The bacterial pathogen database (HBPD) was used for the search for human bacterial pathogens from Illumina sequencing reads (Cai and Zhang 2013). All the pre-processed V3–V4 16S-rRNA Illumina reads obtained in this study were compared against HBPD database for the sequence similarity using the NCBI-BLAST algorithm. Only sequences with a blast hit with ≥ 97% identity were considered for the analysis (Banskar et al. 2016).

Predicted metagenome analysis

Phylogenetic investigation of communities by reconstruction of unobserved states (PICRUSt) (Langille et al. 2013) was used to predict the community function in the contaminated sites based on a constructed phylogenetic tree of 16S rRNA marker gene sequences. The OTU table obtained by pick_closed_reference_otus.py script against the Greengenes database was employed for predicted 16S rRNA gene copy number normalization, followed by metagenome functional analysis. The resulting table was collapsed at KO level 3 within the pathway hierarchy of KEGG using the categorize_by_function.py script.

Statistical analysis

The Shannon index represents OTU abundance and estimates both richness and evenness, while the observed species metric indicates only the unique OTUs present in the samples. In this study, beta diversity between the bacterial communities was determined by weighted and unweighted UniFrac (Lozupone and Knight 2005). Weighted and unweighted UPGMA trees were constructed by performing Jackknife test. Heatmap was used to determine the relative abundance of the top 50 bacterial genus using the CIMminer tool (http://discover.nci.nih.gov/). Differences in the metabolic potential of soil and sediment samples were examined using Welch’s t test in the STAMP software.

Result and discussion

Environmental monitoring is an important aspect for understanding the processes and activities of an environment and is also used to assess the human activities which carry a risk of harmful effects on the natural environment. Next-generation sequencing (NGS) technologies have been applied in various complex microbial environments to answer diverse ecological questions and have enabled scientists to routinely use this technology for environmental monitoring (Kwon et al. 2011). In the present study, we employed high-throughput Illumina sequencing method to characterize the taxonomical and imputed functional composition in four different sites contaminated with domestic and or hospital wastes. A total of 1,113,884 16S rRNA sequence tags were obtained by Illumina sequencing with an average length of 200 bp (Table 1). The pre-processed high-quality Illumina sequences ranged from 37,999 (SWD) to 42,387 sequences (CHR) with a mean of 39,985 and SD 1791. A detailed description of the sequence statistics is provided in Table 1.

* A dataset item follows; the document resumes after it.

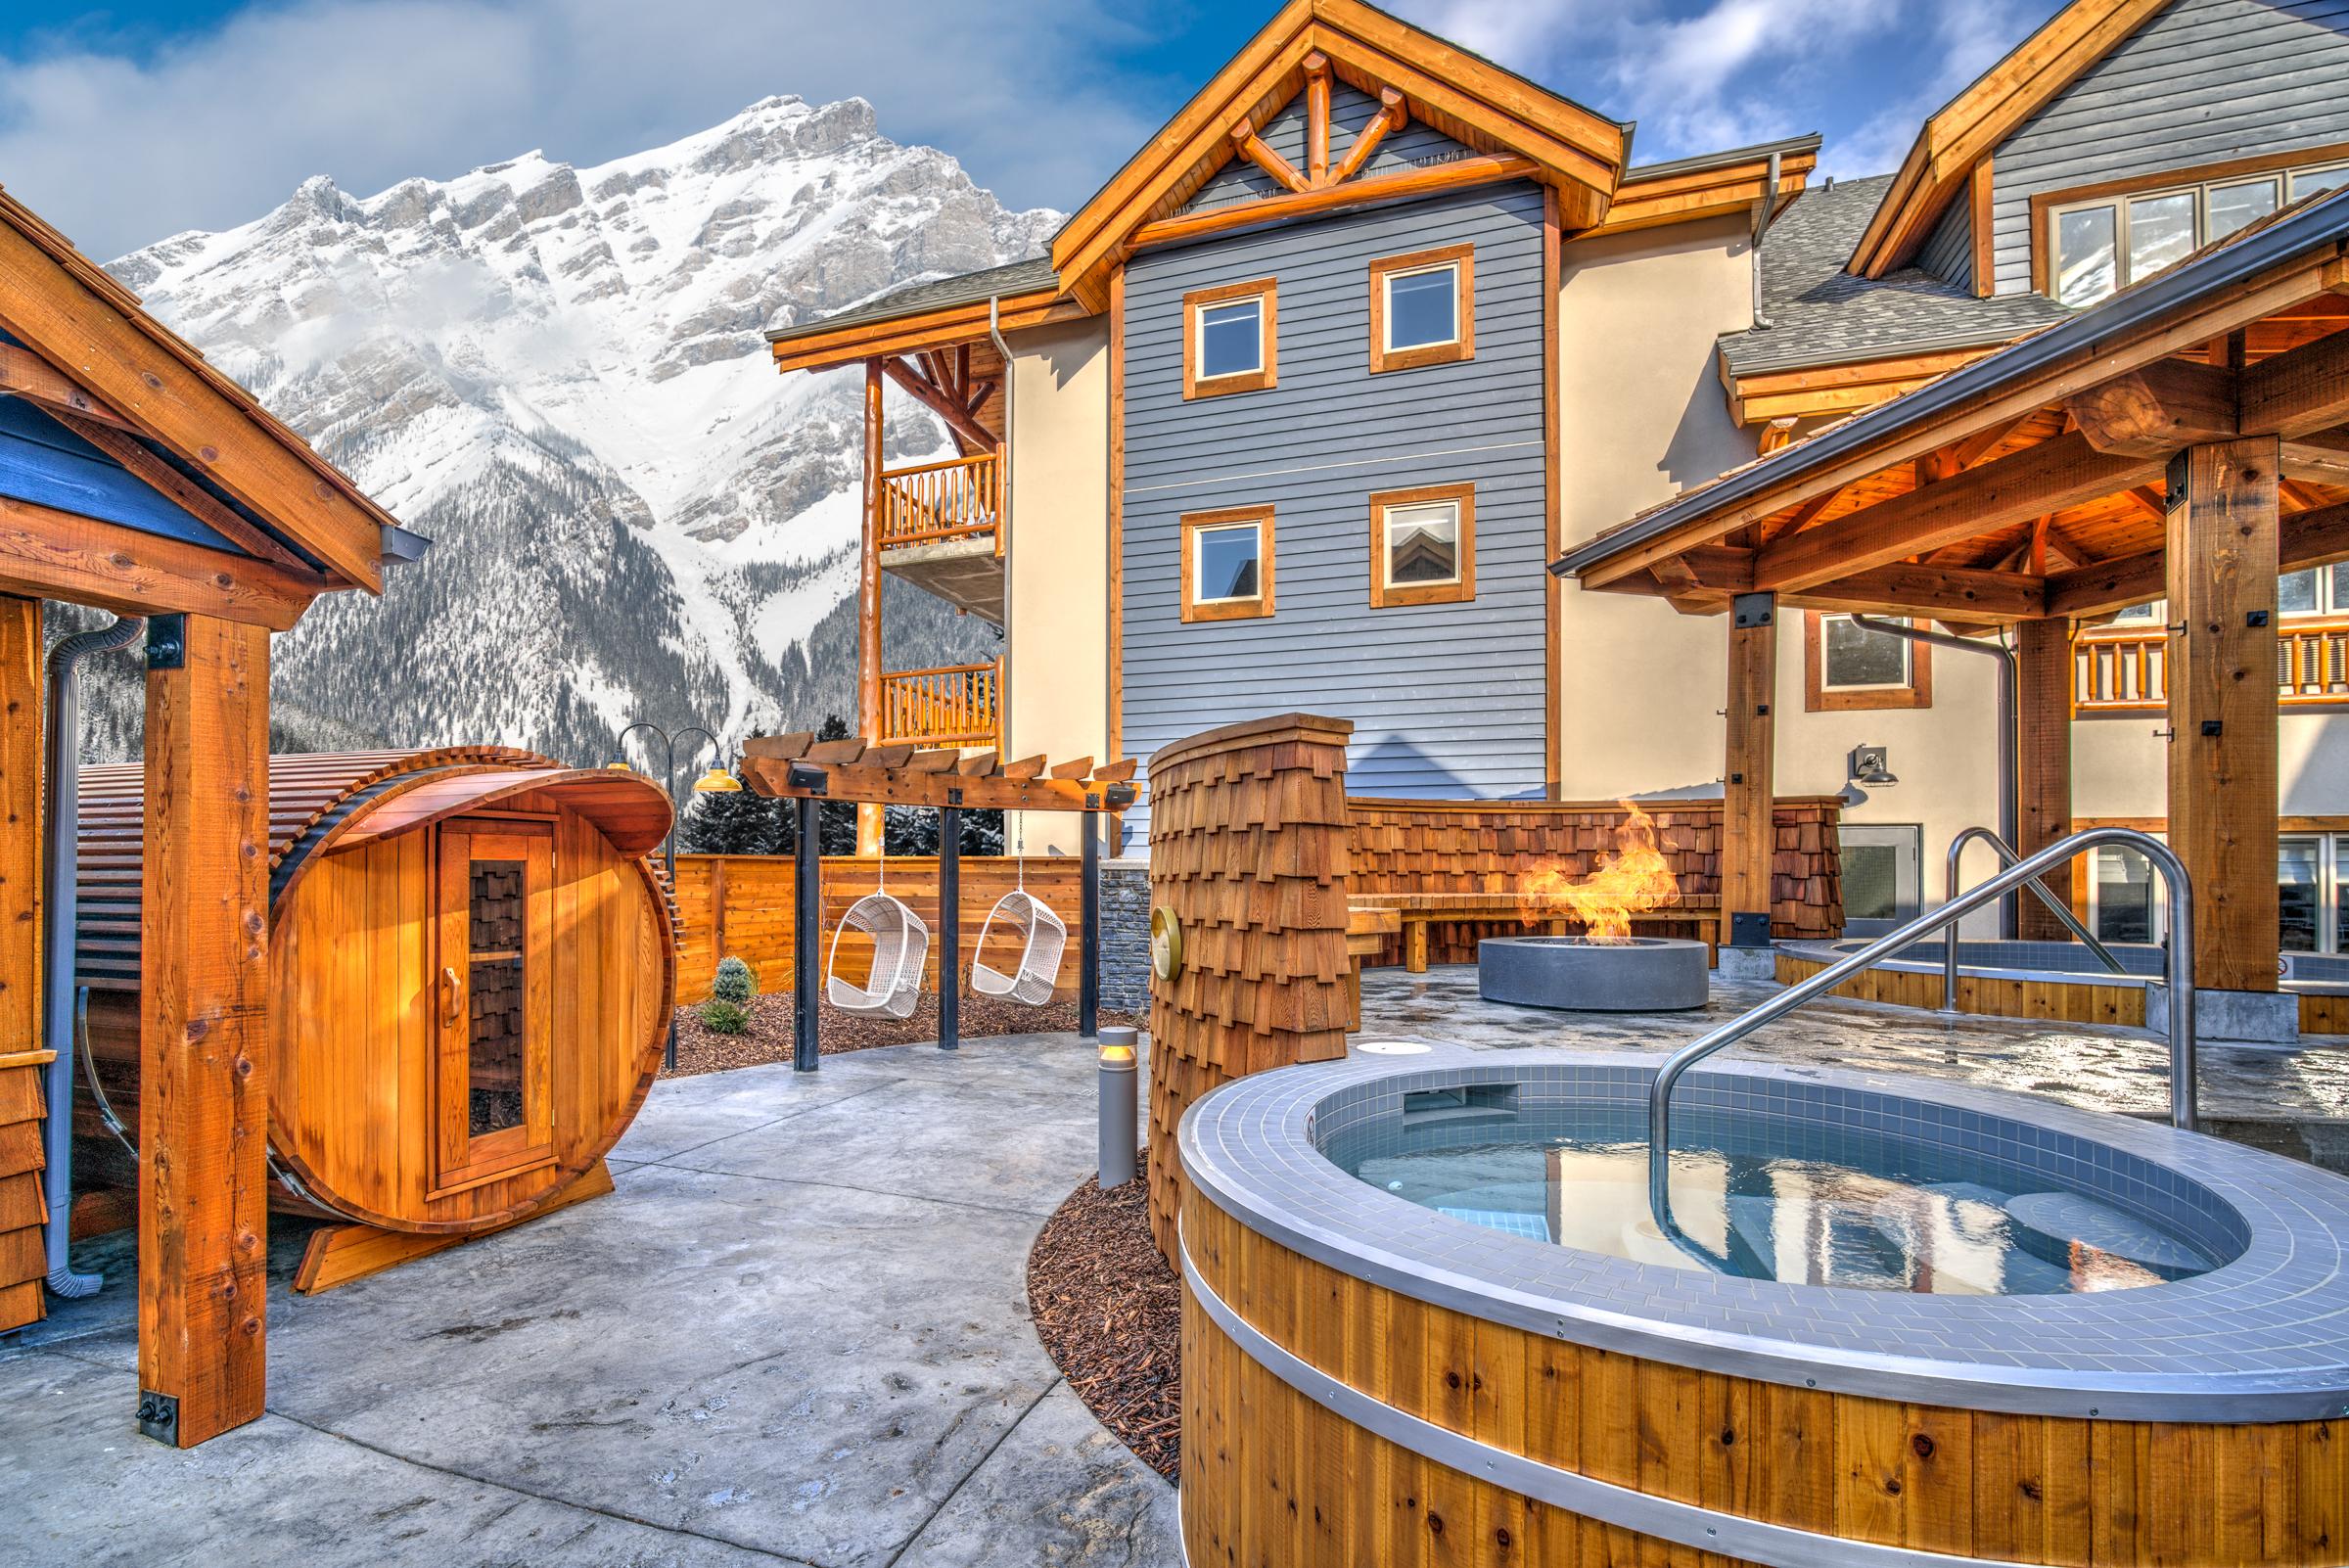 Canalta Lodge Banff Exterior foto

Table 1 Raw read statistics obtained from Illumina and nanopore sequencing

Bacterial diversity

NGS method identified the abundance and diversity of bacteria in soil and sediment samples of Mizoram, Northeast India. Rarefactions were performed to a depth of 37,999 reads. Rarefaction curves for richness in all four samples plateau at the maximum depth, indicating an adequate sampling procedure (Fig. 3). Shannon index suggests that the microbial diversity is different between the study sites, with the lowest diversity associated with SWD (8.58) and highest in CHR (11.18). Chao richness estimates suggest that the greatest number of the least number of sequences were captured in TUR sediment and lowest in SWD (Table S1). A total of 20108 OTU was found ranging from 2537 (SWD) to 6492 (CHR). Both soil and sediment samples contain high bacterial diversity. A large number of untreated domestic waste are discarded into these studied sites, which may serve as an inoculum to increase the overall bacterial diversity in these environments. Differences between the bacterial communities were carried out using principal coordinate’s analysis (PCoA) and UPGMA hierarchical clustering analysis using QIIME. PCoA (Fig. 4a, b) revealed that the microbial communities were different in the studied samples. Bacterial communities present in TUR and TUKR were more closely related than the CHR and SWD samples. Hierarchical clustering analysis (Fig. 4) using both soil and sediment samples showed that the microbial communities are significantly different from each other. The differences in the alpha diversity, as well as bacterial communities between the samples, may be due to the variation in physiochemical parameters (Ibekwe et al. 2013).

Fig. 3
figure 3

Rarefaction curve of the samples (cutoff of 3%): alpha-rarefaction plots were generated in QIIME using the observed species metric for estimating alpha diversity.

Fig. 4
figure 4

Principal coordinate analysis (PCoA) and UPGMA cluster obtained using the UniFrac distance matrix. a The PCoA showed the unweighted Unifac distance. b The PCoA showed the weighted Unifac distance. c UPGMA cluster based on the unweighted Unifac measurements. d UPGMA cluster based on the unweighted Unifac measurements. The variance explained by each principal coordinate axis is shown in parentheses. Datasets were subsample to equal depth prior to the UniFrac distance computation. Legend: TUKR Tuikual river site, CHR Chitae river site, TUR Turial river site, SWD solid waste dumping site.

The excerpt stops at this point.